Diritti

#TuttaColpaMia, continua la campagna di Abbatto I Muri per uscire dall’isolamento della violenza di genere

Era iniziata lo scorso settembre e poi dopo una breve interruzione abbiamo ricominciato a ricevere storie, editarle, pubblicarle, sulla pagina facebook di Abbatto I Muri. Fino a un paio di mesi fa avevamo ricevuto circa 800 storie. Ne stiamo ricevendo altrettante ed è segno che la questione non è ancora chiusa.

La campagna è nata per invitare tutte a raccontare esperienze violente per le quali si sentono ancora oggi colpevoli. Sono narrate storie di donne che hanno superato il senso di colpa ma comunque continuano a vivere un disagio profondo con se stesse. Sono le violenze decisamente meno esplicite. Di quelle di cui le cronache non si occupano perché non c’è nessuno straniero che aggredisce per strada una bella ragazza.

Si tratta invece di innumerevoli casi di violenza taciuta, con la complicità di famiglie, vicini di casa, amici e amiche. Una violenza inflitta in situazioni di ricattabilità della vittima, quando lei è una dipendente precaria, quando ha accettato di salire in macchina con quello che pensava fosse un amico, quando giocava con il nonno, quando era a letto con il marito o il fidanzato, quando aveva accettato di andare ad una festa e dopo aver bevuto si ritrova da sola, in una strada buia e senza vestiti.

Sappiamo che le denunce di violenza non rappresentano neppure un terzo delle violenze subite dalle donne.
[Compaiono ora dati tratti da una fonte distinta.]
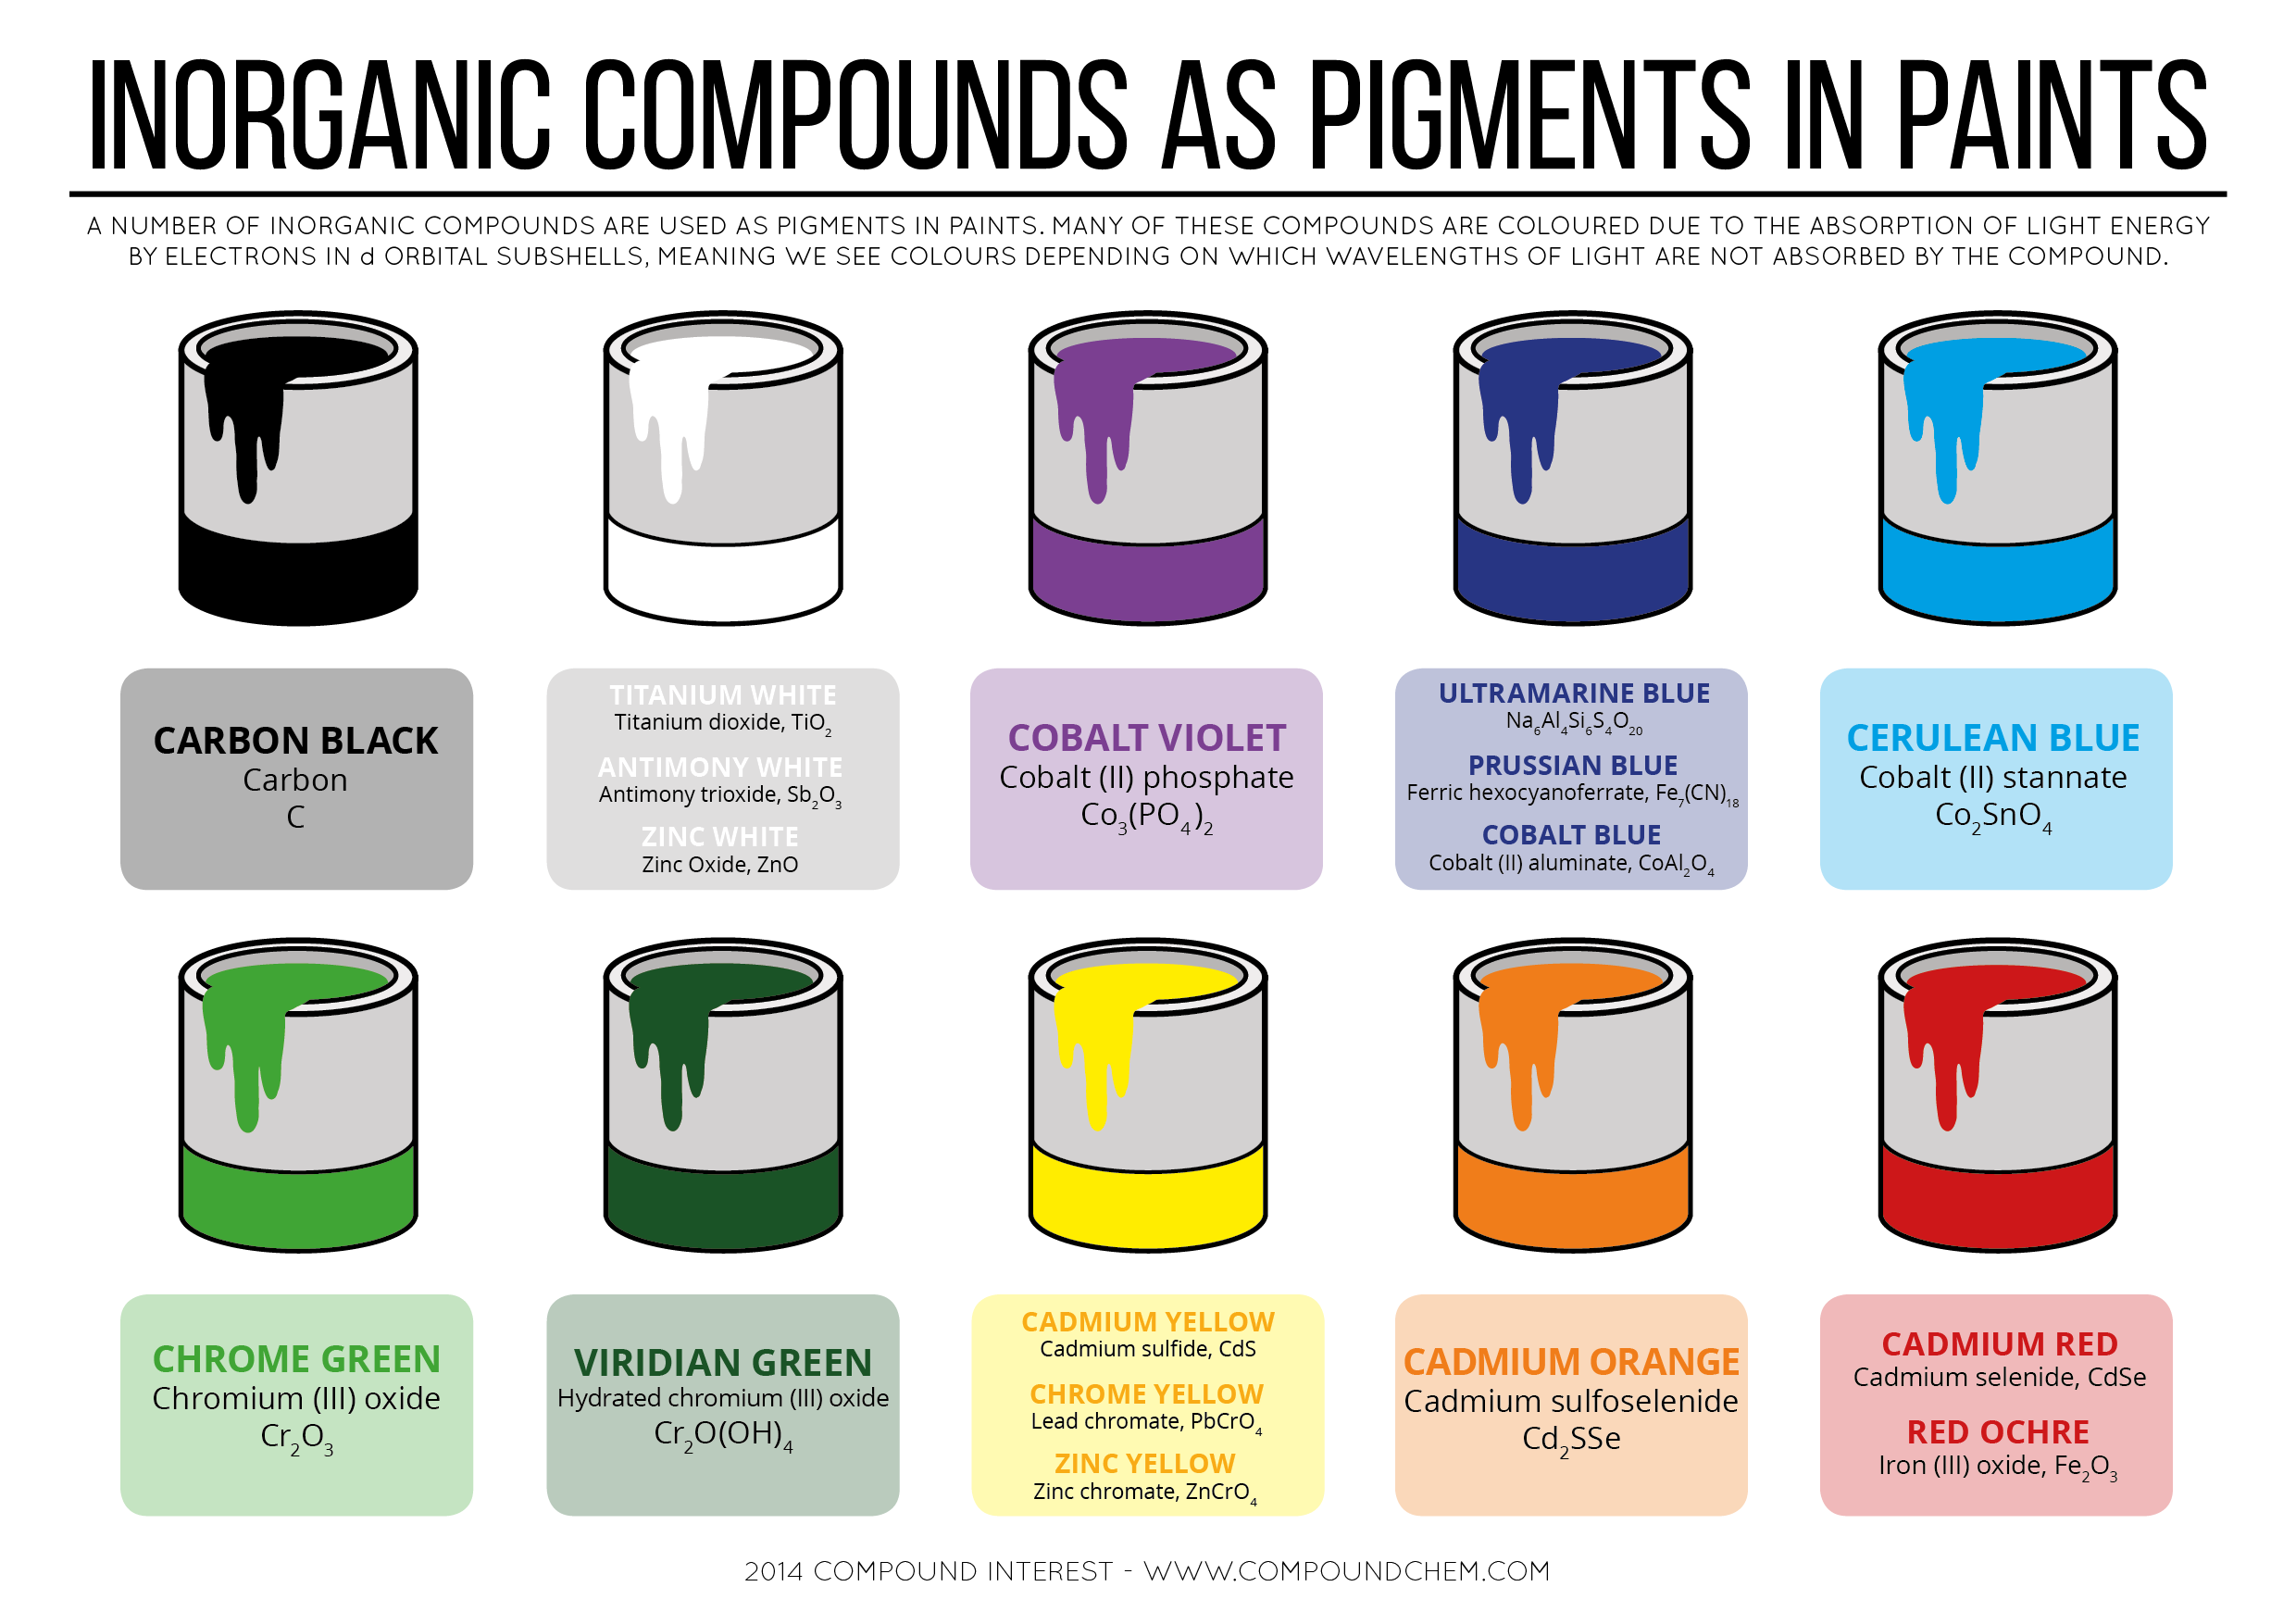 Inorganic Compounds As Pigments in Paints

Il sommerso è fatto di violenze che vengono agite in situazioni di ambiguità, in modo subdolo, dove il limite dovrebbe essere sempre il consenso dato o negato, cosa che a quanto pare nell’educazione maschile non sembra contare poi molto.

E vengono raccontate numerose storie di violenza medica, o violenza ostetrica, ciò che succede in una sala parto o in uno studio medico non è facilmente qualificabile come violenza. Perché per prima cosa la violenza va nominata e quando abbiamo imparato a nominarla possiamo riconoscerla.

Troppe storie raccontano di molestie o stupri veri e propri commessi da parenti vicini in tenerissima età. E sono gli episodi più strazianti e difficili da leggere per lo strascico di dolore che lasciano e per le prove di coraggio che le vittime devono compiere per tirarsi su ogni giorno e fare la propria vita.

Quello che possiamo trarre dalle storie narrate è che la maggior parte delle violenze viene commessa da persone conosciute, spesso in famiglia, tra amici, conoscenti. Sono violenze con le quali spesso la vittima è costretta a convivere in silenzio, perché non è facile denunciare, perché le famiglie coprono i pedofili, perché il problema viene sottovalutato perfino dalle amiche e dalle persone conosciute. Quel che resta è appunto la certezza che è stata tutta colpa nostra.

La campagna nasce e procede per ribaltare questa convinzione, per affidare alle donne la responsabilità di nominare la violenza e insegnare ad altre a riconoscerla, per avviare un processo che porta alla costruzione di una coscienza collettiva fatta di consapevolezze e di argomenti più che validi a sostegno del fatto che non è mai colpa nostra. Dove c’è una violenza c’è una vittima e un carnefice. Questo è un dato di fatto.

E se non bastasse quanto ho scritto venite pure sulla pagina a dare un’occhiata alle storie, che possono essere disturbanti, per chi ha un’empatia e una sensibilità non comuni, ma se superate questo scoglio scoprirete centinaia di donne coraggiose che mettono in fila una parola dietro l’altra, obbligandosi a ricordare ciò che vorrebbero dimenticare. Scoprirete centinaia di donne sopravvissute ad una guerra che avviene in casa nostra, quella della quale pochi vogliono interessarsi. E scoprirete anche che ci sono dei metodi per prevenirla. Un’educazione al rispetto dei generi, un’educazione al rispetto del consenso.

La prevenzione non riguarda solo la violenza ma anche quello che a volte accade dopo. Le persone che subiscono questi traumi soffrono di disturbi da stress post traumatico, spesso ricordano il dolore attraverso pratiche di autolesionismo, soffrono di disturbi alimentari o di depressione. Perché il corpo ricorda ogni ferita inflitta e quel corpo pur dovendo trovare un modo per andare avanti non incontra mai risposte e soluzioni nei provvedimenti legislativi o nelle iniziative istituzionali.

A tutte queste donne stiamo dando spazio, gli diamo voce perché escano dall’isolamento e si sentano collegate alle creature ferite di tutto il mondo. Le storie raccolte stanno per diventare un libro sul quale una crew di volontari sta lavorando affinché possano circolare di più, con un ebook scaricabile al costo zero o il minimo che si possa garantire. Perché le voci si moltiplichino e nella speranza che queste storie possano diminuire con il tempo.